Ce changement d'attitude de la part de la Communauté internationale est donc la réponse à l'émergence d'une nouvelle donne en ce qui concerne la recomposition du paysage politique malgache. Les autorités actuelles n'ont clairement plus le monopole des décisions s'agissant de l'avenir du pays et, l'unilatéralisme dont elles ont fait preuve jusqu'ici, finira par se disloquer d'une façon ou d'une autre.

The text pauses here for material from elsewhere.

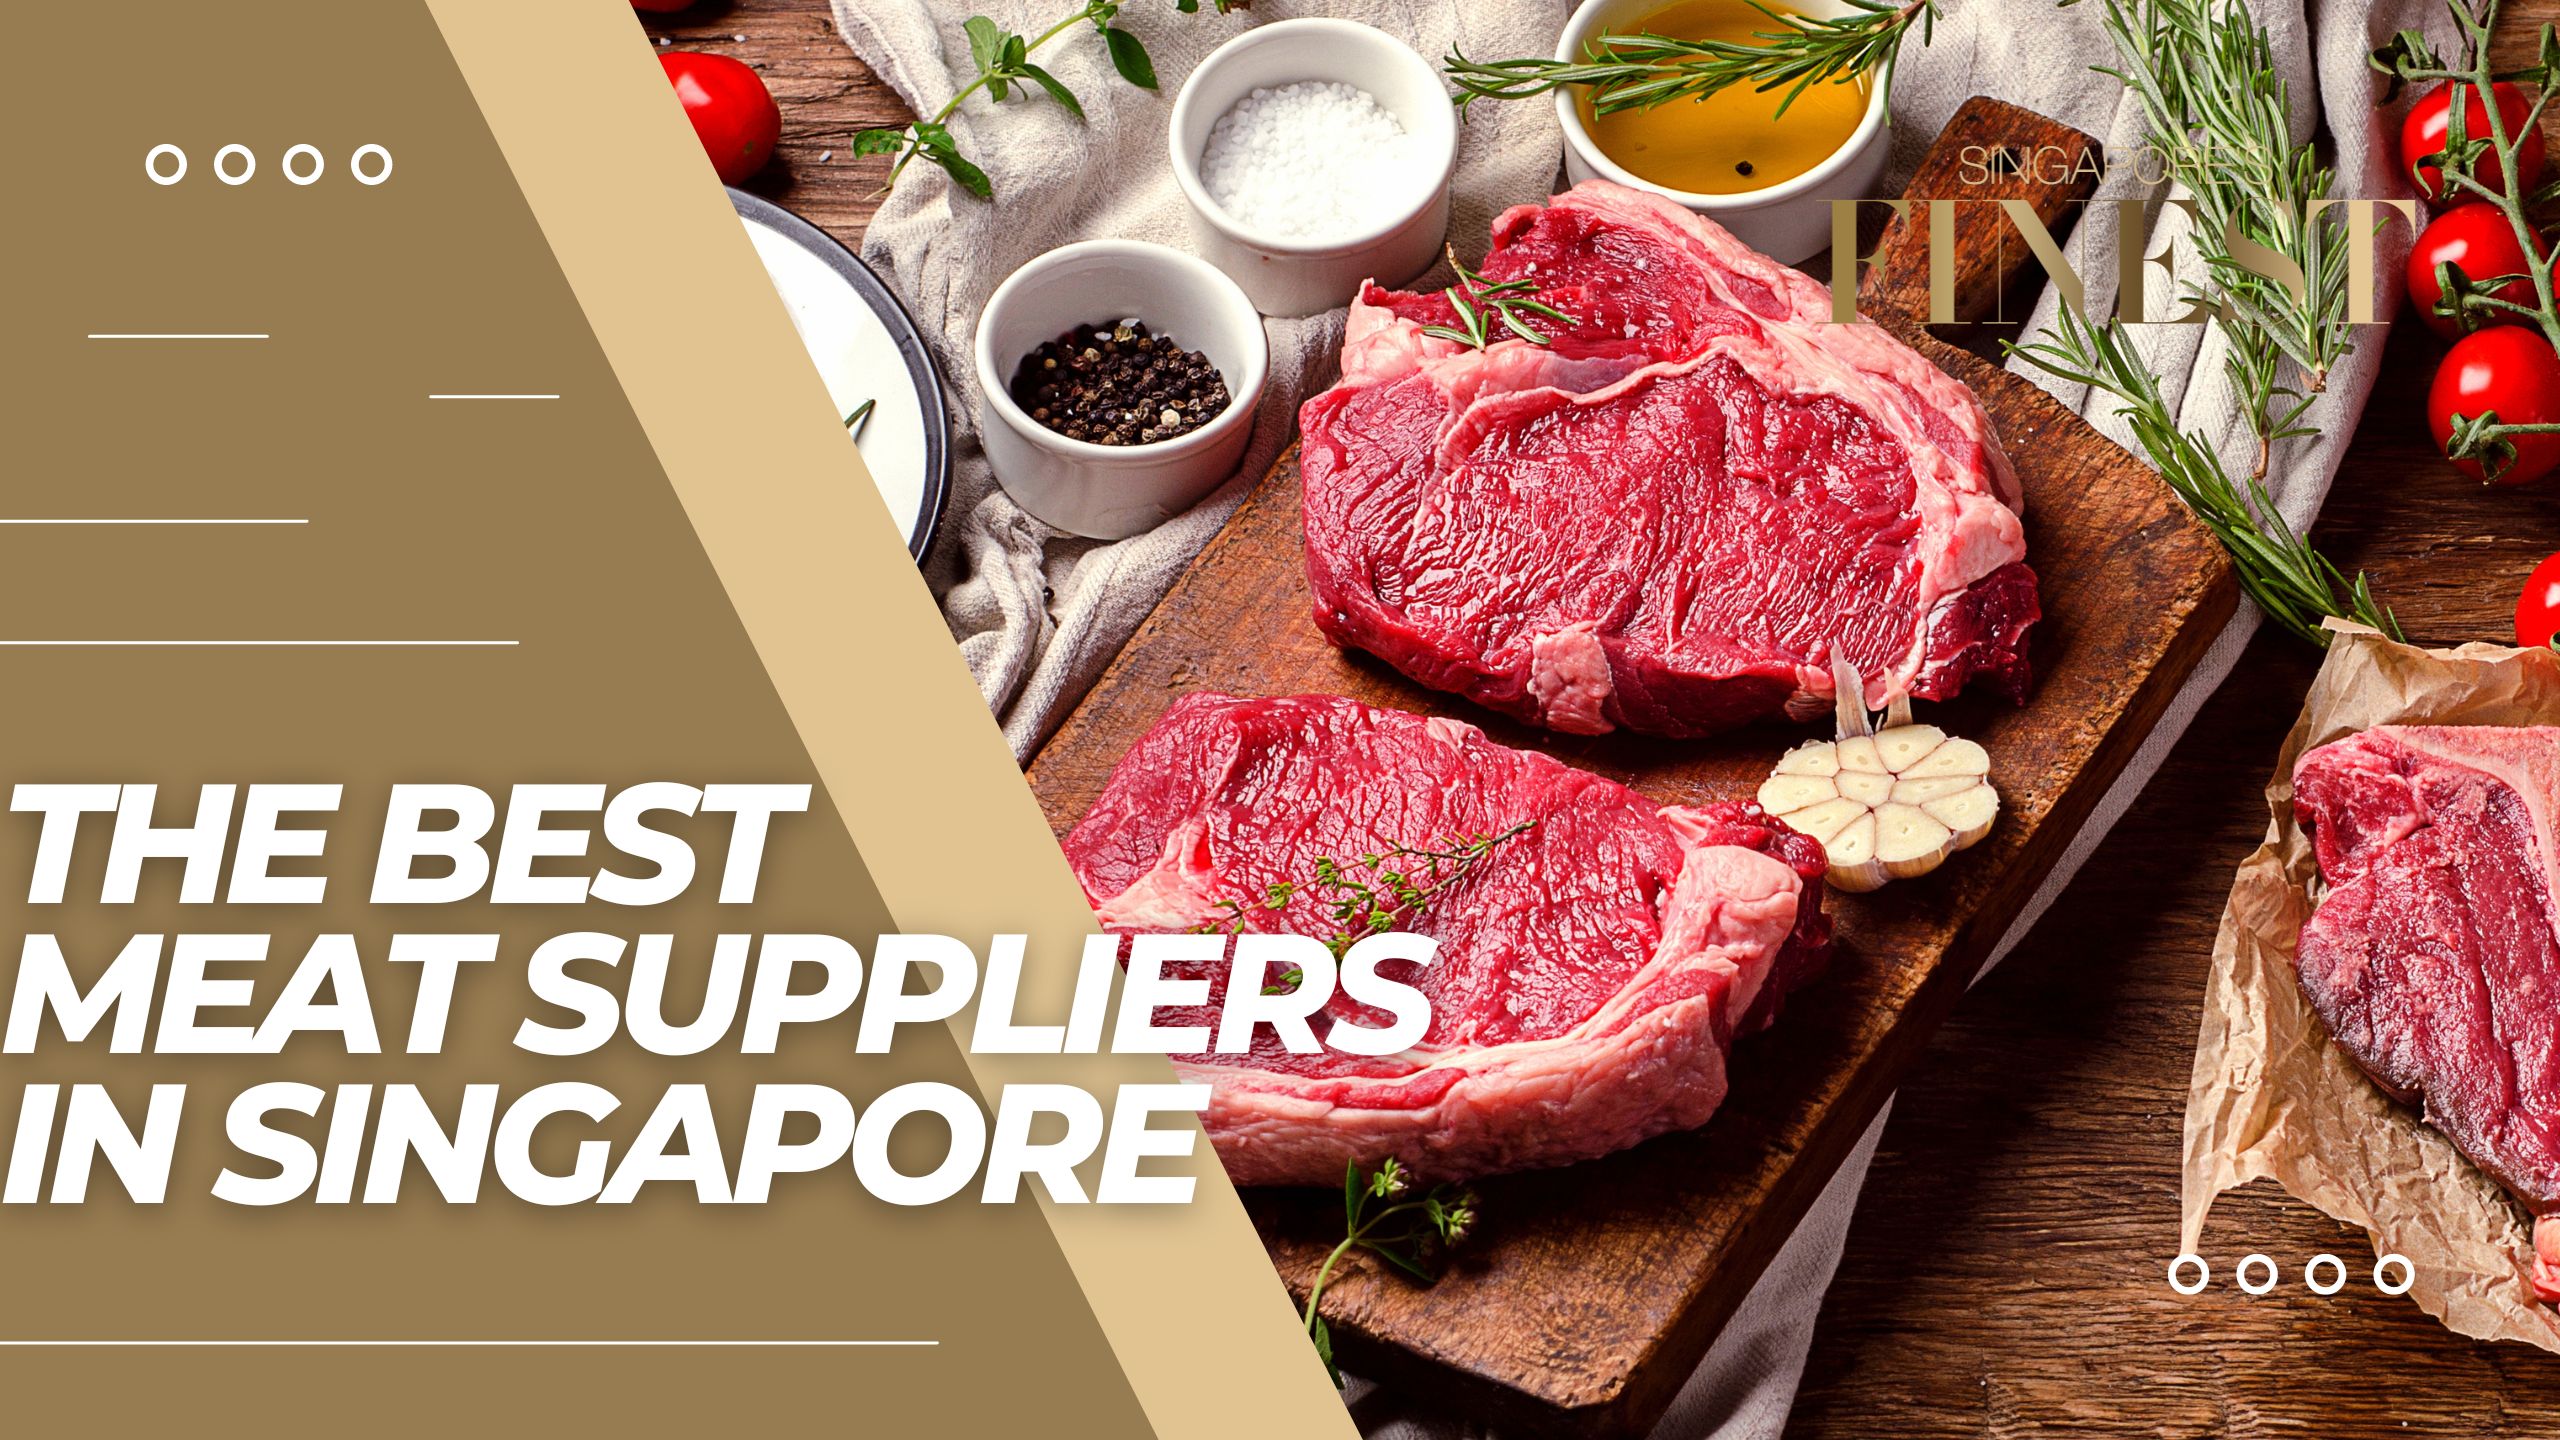 The Finest Meat Suppliers in Singapore

Au-delà des polémiques, bien souvent stériles, érigées autour de la personnalité de certains des membres qui composent les différentes structures mises en place actuellement, il faut surtout se dire qu'il leur a été assigné une mission, celle de parvenir coûte que coûte à rétablir les bases d'une certaine conception de la République.
Les dérives et l'anarchie constatées durant ces seize derniers mois doivent impérativement cesser et Madagascar de s'engager sur la voie des principes qui régissent la Démocratie et l'esprit républicain.